11/02/2011

Sabotagens à democracia

É de menino que se torce o pepino
Tudo começa em casa. Tudo mesmo.
Como já falei recentemente dos excessos das  mães-tigre, e fui suficientemente incisivo, me aterei ao outro extremo, o da negligência.
Começa com os pais amparando a criança a todo instante. O petiz não pode cair sentado que lá vão eles, enchê-lo de dengos por horas e horas. A criança não tem experiência nem discernimento da vida, mas não é burra. Com o tempo aprende que fazendo birra ou chantagem, consegue o que deseja. Raramente o que realmente quer, mas sempre o que deseja. Não que se deva deixar a criança se ferir sem dar importância, mas as atenções não devem ir muito além de quando o choro cessa, pois vicia.
Forma-se uma personalidade tirana, que pode tomar três caminhos básicos; o do coitadinho, que se faz de vítima o tempo todo; o do fútil, que pensa que o mundo só existe para lhe dar prazer e até agride para obtê-lo; o do revoltado, que não quer se misturar com os dois e adopta discursos nos quais realmente não acredita, são só para ocupar seu tempo ocioso e experimentar mais os limites frouxos. Os três são basicamente o mesmo conteúdo em embalagens diferentes.

Os dois primeiros não dão a mínima para política. Política não é divertida, não assopra o dodói, te obriga a ter as atenções divididas com outros temas, o que para os três é inadmissível. O terceiro gosta de política justo porque não é divertida e não assopra o dodói, assim se sente acima dos dois alienados mimados, se envolve com ela até o pescoço e rola na sua lama. O problema é que sua militância tem a mesma maturidade que a daqueles, está voltada para sua própria satisfação.

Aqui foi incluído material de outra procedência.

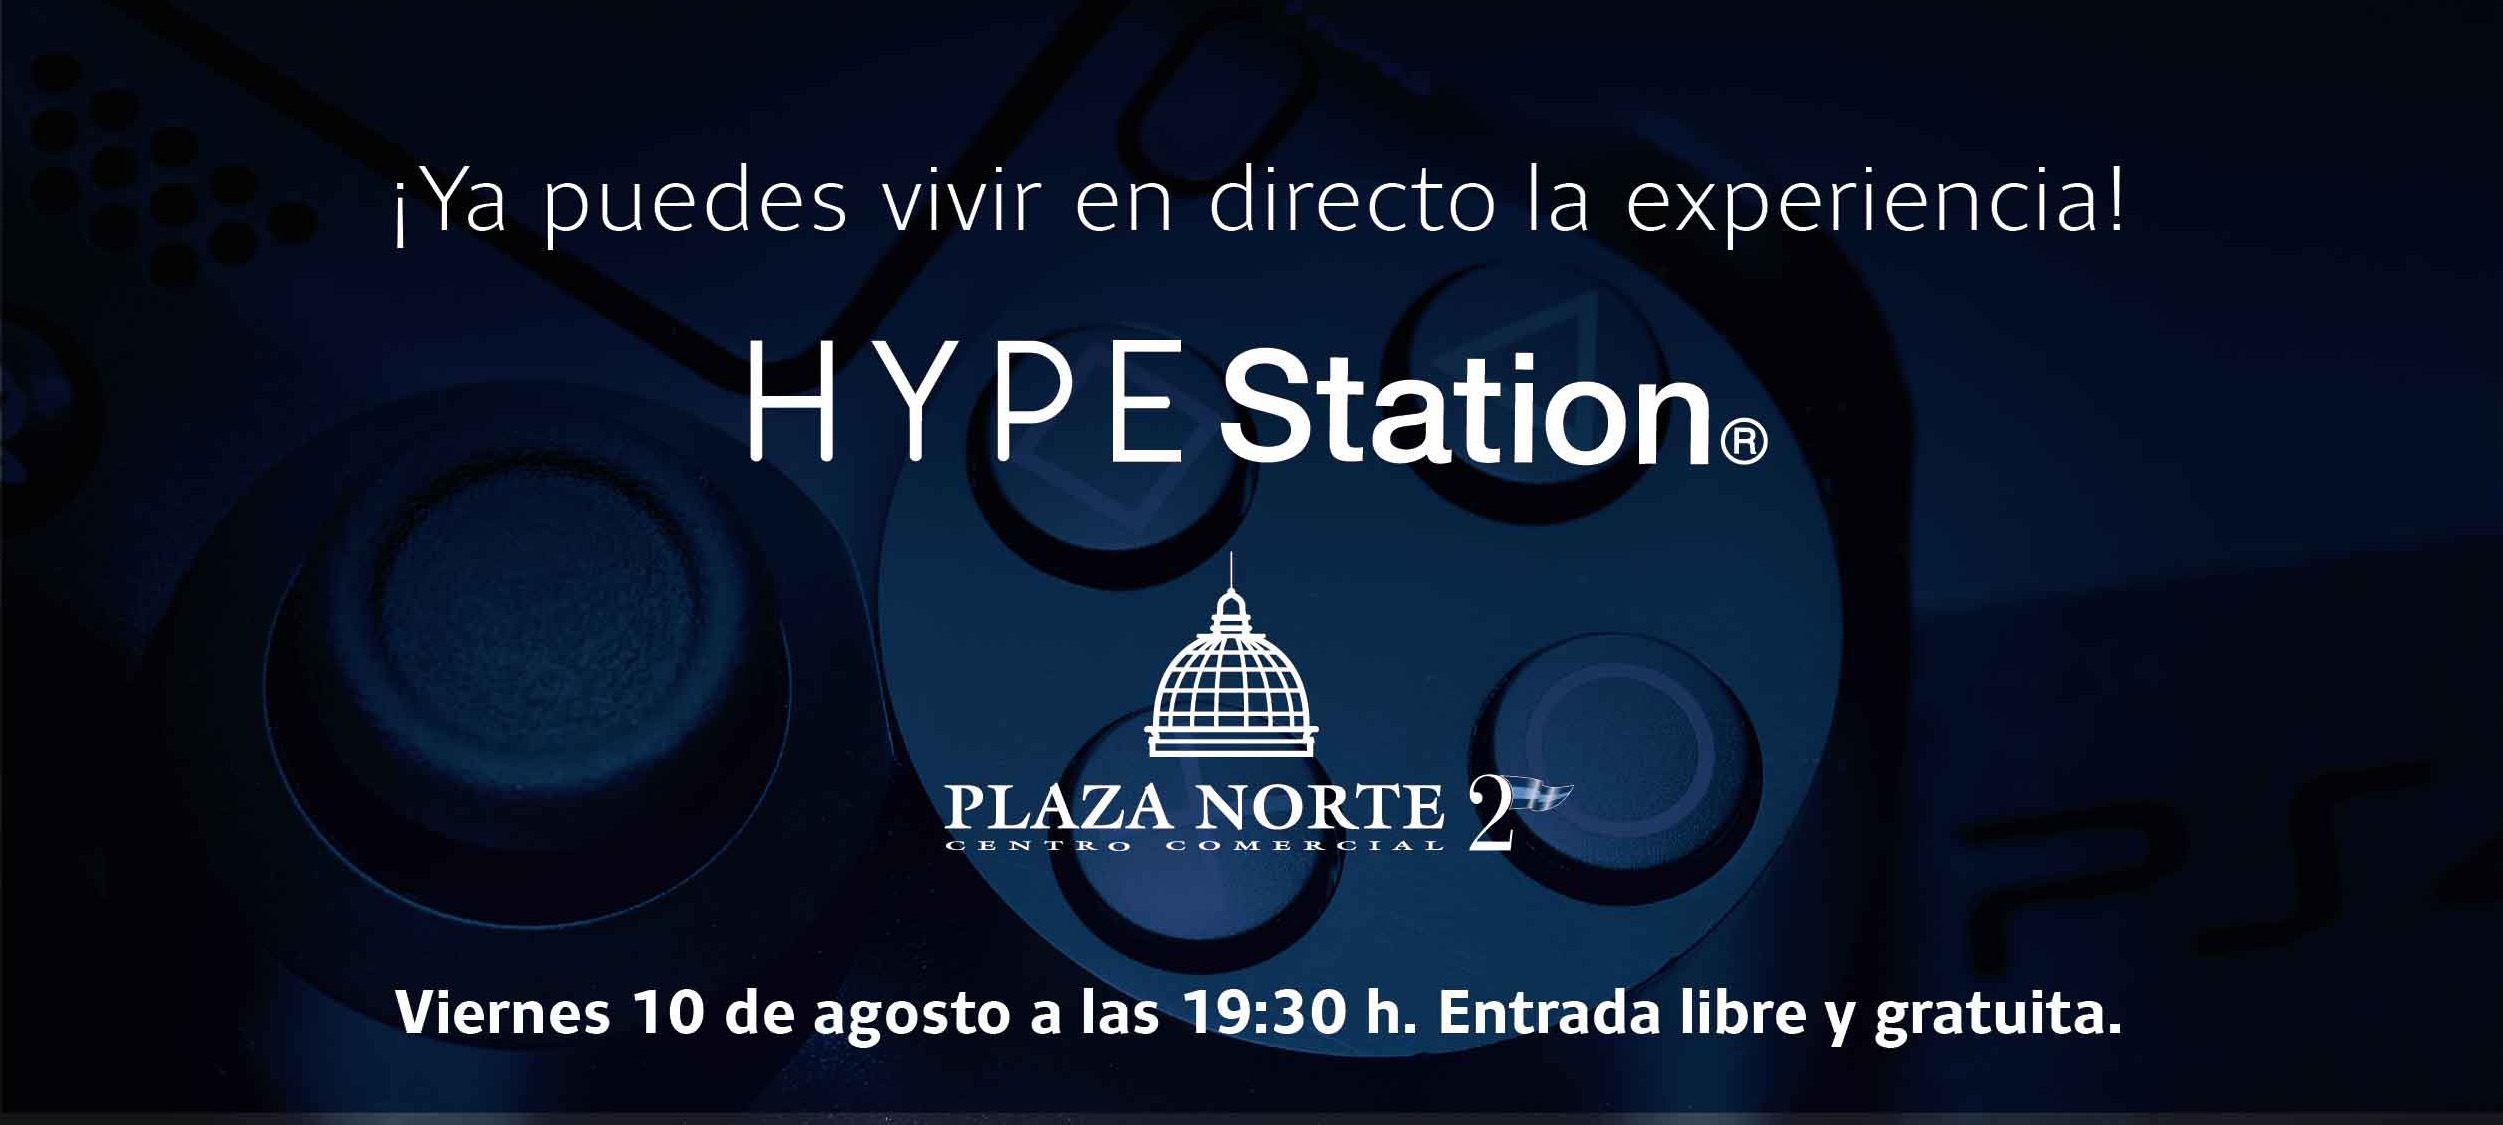 La revolución gamer llega a Madrid este viernes con HYPE Station

O coitadinho e o fútil podem se tornar agressivos, quando suas vontades não são satisfeitas, geralmente se tornam. Para linhas gerais e evitar delongas, uno-os em um primeiro tipo só. Este tipo sai de casa assim que toma o café e vai "curtir a vida". Escola? Talvez. Há os que compreendem um pouco mais e vão à escola, conseguem um aproveitamento razoável e esperam recompensas generosas em troca. Uma boa parte, porém, vai em busca de grupos que satisfaçam seu ego inchado e super protegido. Encontram-nos em shoppings centers, bares, boates, lugares onde seus cartões de crédito possam comprar atenção e a ilusão de que são importantes para o mundo, quando na verdade só ocupam o espaço de quem quer fazer algo.
Contrariá-los é um risco à própria integridade física, como no episódio em que uma menina recusou uma cantada e foi agredida com uma cadeira, em uma boate. Ele não aceita ser contrariado, vale para os dois tipos. Quando chega em casa, quer tudo arrumado, mas não dá a mínima quando está, só olha o que não estiver no seu devido lugar. Quer comer o que estiver pensando em comer e ai dos pais se não houver ao menos uma porção do que quer na casa. Mas é freqüente mal tocar no prato, desperdiçando a maior parte da comida. Para quê se preocupar, se quando voltar estará tudo arrumado de novo? Sai à noite para procurar diversão, é tudo o que sabe fazer. Essa diversão pode ser qualquer cousa. Tendo acreditado que é melhor do que algum grupo, por ver a mãe ralhando com a empregada que não adoçou direito seu suquinho, não custa tempo algum para se alinhar a grupos extremistas, passando a sentir prazer em agredir, especialmente porque se acostumou a sair impune. Bulling é arroz-com-feijão. A humilhação do outro passa a trazer um prazer indescritível, se houver suicídio simplesmente procura por outra vítima.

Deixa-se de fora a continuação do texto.